EM MAIO PASSADO, durante uma visita ao santuário de Fátima, o papa Bento 16 declarou que o aborto e o casamento entre pessoas do mesmo sexo estão entre os mais "insidiosos e perigosos desafios ao bem comum".
Atualmente, quase todas as igrejas cristãs (curiosamente alinhadas com as posições do papa) negociam seu apoio aos candidatos à presidência cobrando posições contra a descriminalização do aborto e contra o casamento gay.
Em 2000, segundo o censo, havia, no Brasil, 125 milhões de católicos, 26 milhões de evangélicos e 12 milhões de sem religião. É lógico que os principais candidatos inventem jeitos de ficar, quanto mais possível, em cima do muro -tentando satisfazer o lobby cristão, mas sem alienar totalmente as simpatias de laicos, agnósticos e livres pensadores (minoritários, mas bastante presentes entre os formadores de opinião).
Adoraria que as campanhas eleitorais fossem mais corajosas, menos preocupadas em não contrariar quem pensa diferente do candidato. Adoraria também que soubéssemos votar sem exigir que nosso candidato pense exatamente como nós. Mas não é esse meu tema de hoje.
Voltemos à declaração do papa, que junta aborto e casamento gay numa mesma condenação e, claro, tenta pressionar os poderes públicos, mundo afora. Para ele, o que é pecado para a igreja deve ser também crime para o Estado.
No fundo, com poucas exceções, as igrejas almejam um Estado confessional, ou seja, querem que o Estado seja regido por leis conformes às normas da religião que elas professam. De novo, as igrejas gostariam de uma sociedade em que seja crime tudo o que, para elas, é pecado: o sonho escondido de qualquer Roma é Teerã ou a Cabul do Talibã.
Há práticas sexuais que você julga escandalosas? Está difícil reprimir sua própria conduta? Nenhum problema, a polícia dos costumes vigiará para que ninguém se dedique ao sexo oral, ao sexo anal ou a transar com camisinha.
Para se defender contra esse pesadelo (que, ele sim, é um "insidioso e perigoso desafio ao bem comum"), em princípio, o Estado laico evita conceber e promulgar leis só porque elas satisfariam os preceitos de uma confissão qualquer. As leis do Estado laico tentam valer por sua racionalidade própria, sem a ajuda de deus algum e de igreja alguma.
Por exemplo, é proibido roubar e matar, mas essa proibição não é justificada pelo fato de que essas condutas são estigmatizadas nas tábuas dos dez mandamentos bíblicos. Para proibir furtos e assassinatos, não é preciso recorrer a Deus, basta notar que esses atos limitam brutalmente a liberdade do outro (o assaltado ou o assassinado).
Agora, imaginemos que você se oponha ao casamento gay invocando a santidade do matrimônio. Se você acha que o casamento é um sacramento divino que só pode ser selado entre um homem e uma mulher, você tem sorte, pois vive numa democracia laica e sua liberdade é total: você poderá não se casar nunca com uma pessoa do mesmo sexo. Ou seja, você poderá manter quanto quiser a santidade e a sacramentalidade de SEU casamento.
Acha pouca coisa? Pense bem: você poderia ser cidadão de uma teocracia gay, na qual o Estado lhe imporia de casar com alguém do mesmo sexo.
Argumento bizarro?

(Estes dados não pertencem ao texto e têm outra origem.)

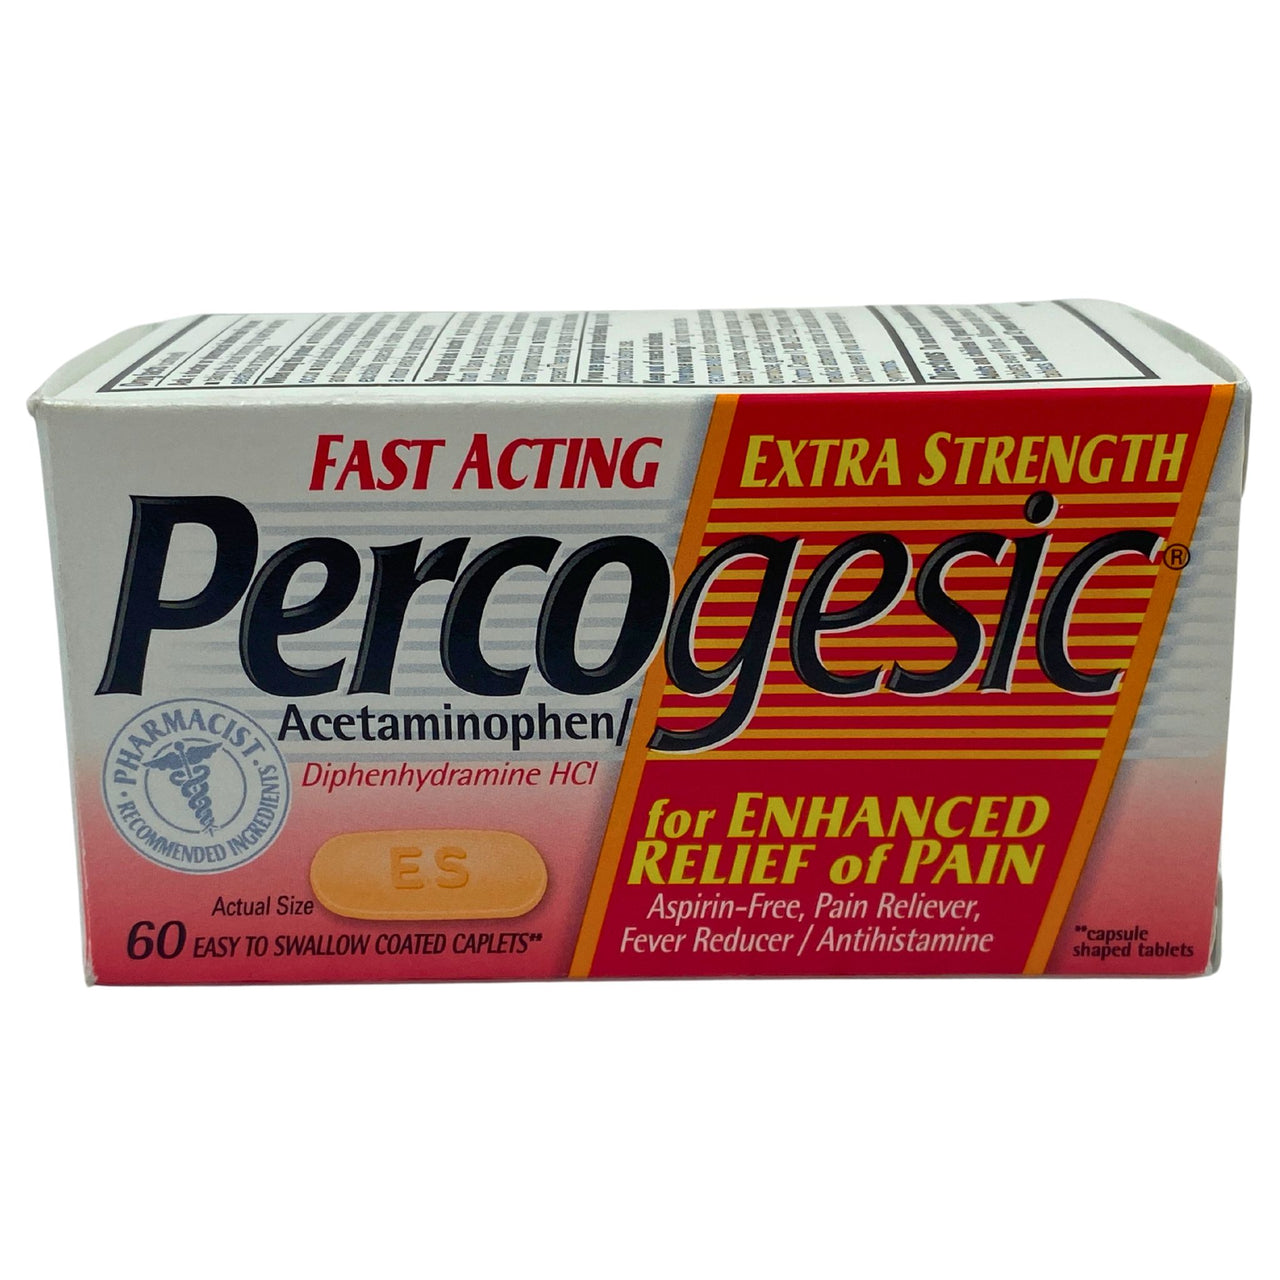 Percogesic Fast Acting Extra Strength Acetaminophen

Nem tanto: quem ambiciona impor sua moral privada como legislação pública deveria sempre pensar seriamente na hipótese de a legislação pública ser moldada por uma outra moral privada, diferente da dele.
Parêntese: Se você acha que essa história de casamento gay é sem relevância, visto que a união estável já é permitida etc., leia "Histórias de Amor num País sem Lei. A Homoafetividade Vista pelos Tribunais - Casos Reais", de Sylvia Amaral (editora Scortecci).
PS. Sobre a dobradinha sugerida pela declaração do papa: talvez, para o pontífice, aborto e casamento gay sejam unidos na mesma condenação por serem ambos consequências da fraqueza da carne (que, obstinadamente, quer gozar sem se reproduzir).
Mas, numa perspectiva laica, a questão do aborto e de sua descriminalização não tem como ser resolvida pelas mesmas considerações que acabo de fazer para o casamento gay. Ou seja, não há como dizer: se você for contra, não faça, mas deixe abortar quem for a favor. Vou voltar ao assunto, apresentando alguns dilemas que talvez nos ajudem a pensar.

22 setembro 2010

Braile?

Da Folha de SP de ontem:

O amor não é cego

As relações não duram porque a maioria não enxerga o outro como ele é, diz o psicólogo Jorge Bucay

GABRIELA CUPANI
DE SÃO PAULO


Não há receita pronta para um relacionamento dar certo, mas alguns ingredientes podem ajudar. É disso que trata "Amar de Olhos Abertos" (ed. Sextante, R$ 24,90, 208 págs.), do psicólogo Jorge Bucay, um dos escritores argentinos mais incensados dos últimos tempos.
Bucay esteve no Brasil para lançar o livro (o primeiro em português), escrito com a colega Silvia Salinas -e a Folha aproveitou para "discutir as relações" com ele.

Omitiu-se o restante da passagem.